HER YIL 10 ANNEYE İDAM CEZASI
Tarihçilerin neredeyse tamamının evli olmayan annelerin veya evli olan kadınların yargılandığı ceza davalarının kayıtlarına güvendiklerini öne süren Prof. Dr. Ülgen, “Doğal olarak kocalarının doğurmalarını istemediği çocukları taşıyan bu kadınlar, hamileliklerini saklıyorlardı. Böylece zamanla mahkemeler bekarlara karşı tavır almaya başladılar. Hatta öyle bir hale geldi ki neredeyse sadece annelerin yalnızca yeni doğanı kasten öldürdükleri düşünüldü” ifadelerini kullandı. Prof. Dr. Ülgen çocuk katli davalarına şöyle örnek verdi:
“Basit bir terk ediş, karşılaştırılabilir bir suç değildi. Hatta bu yüzden parlamentonun yargı yetkisinde olacak şekilde 16. yüzyılın sonlarında Paris’te yargıçlar, 8 milyonluk geniş bir bölgede her yıl yaklaşık 10 anneye idam cezası verilmesini onaylamışlardı. Bu durum dayanılmaz bir hal aldı. Evli olmayan kadınlar, özellikle ilişki kurmaktan çok mutlu olan kadın komşuları tarafından hatırı sayılır bir gözetim altında tutuluyorlardı. Hatta şüphelerini yargıçlara iletiyorlardı. Ancak çocuk öldürme soruşturmaları daha çok katı kanunlar kapsamındaydı.”

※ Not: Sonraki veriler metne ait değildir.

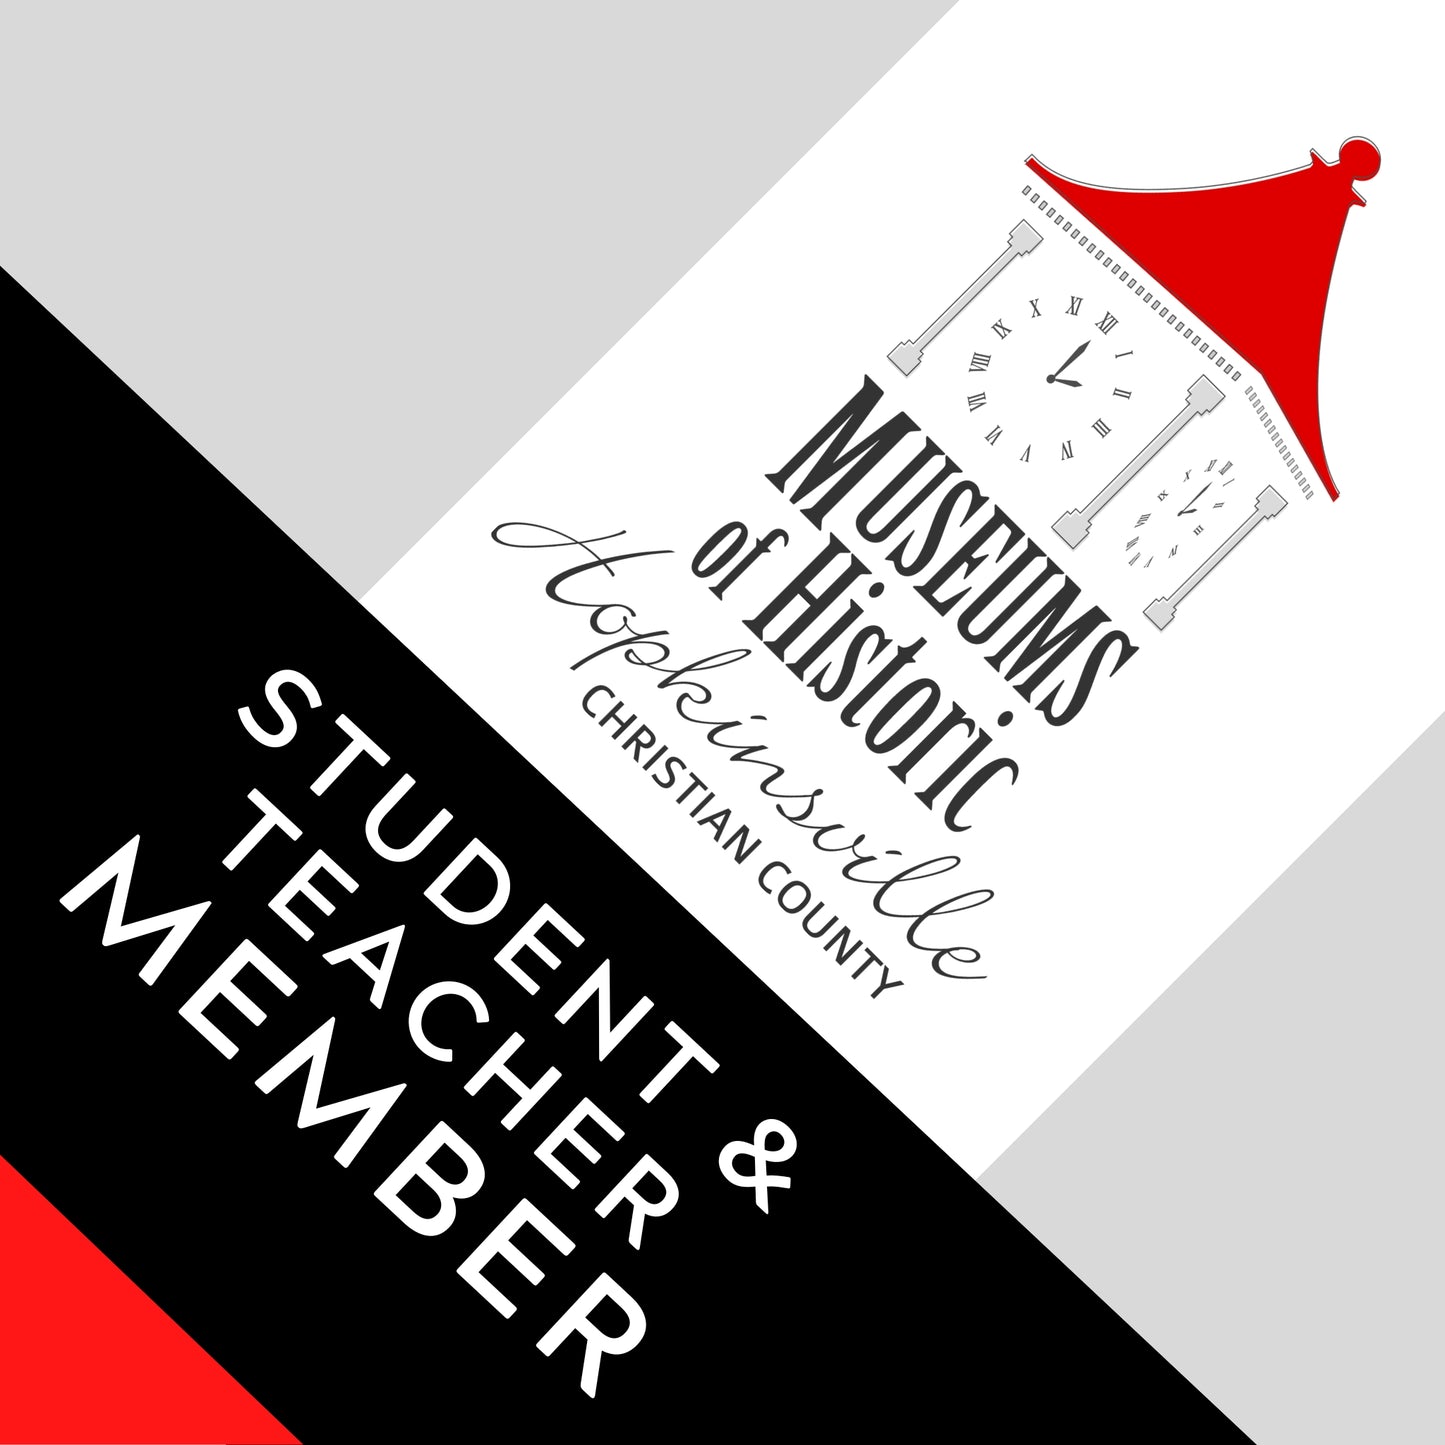 Membership, Student/Teacher

‘CEZA GÖRMEDEN ÖLDÜREBİLİYORDU’
Yenidoğan katli denilen ‘neonatisit’in zaman zaman yaygın bir uygulama olduğunu dile getiren Prof. Dr. Pınar Ülgen, “Bazı durumlarda evli kadınlar istenmeyen hamileliklerinden doğan bebekleri ceza görmeden öldürebiliyordu. Bunun geçmişi Antik Çağ’a kadar uzanıyor” dedi.”Yaklaşık M.Ö. 4000 ila 2000 yıllarına tarihlenen Babil ve Keldani uygarlıklarına ait kayıtlar, bebek öldürmeye ilişkin en eski yazılı tarihsel referansları oluşturuyor. Ancak antik kültürlerdeki bebek öldürmeye ilişkin belki de en zengin tarihsel kayıtlar antik Yunanistan ve Roma’dan geliyor” diyen Prof. Dr. Ülgen, nüfus kontrolünden gayri meşruluk gibi bazı eylemleri haklı çıkarmak için kullanılan gerekçelerle toplumlarda bebek öldürmenin yaygın olarak uygulandığının açıkça görüldüğünü söyledi.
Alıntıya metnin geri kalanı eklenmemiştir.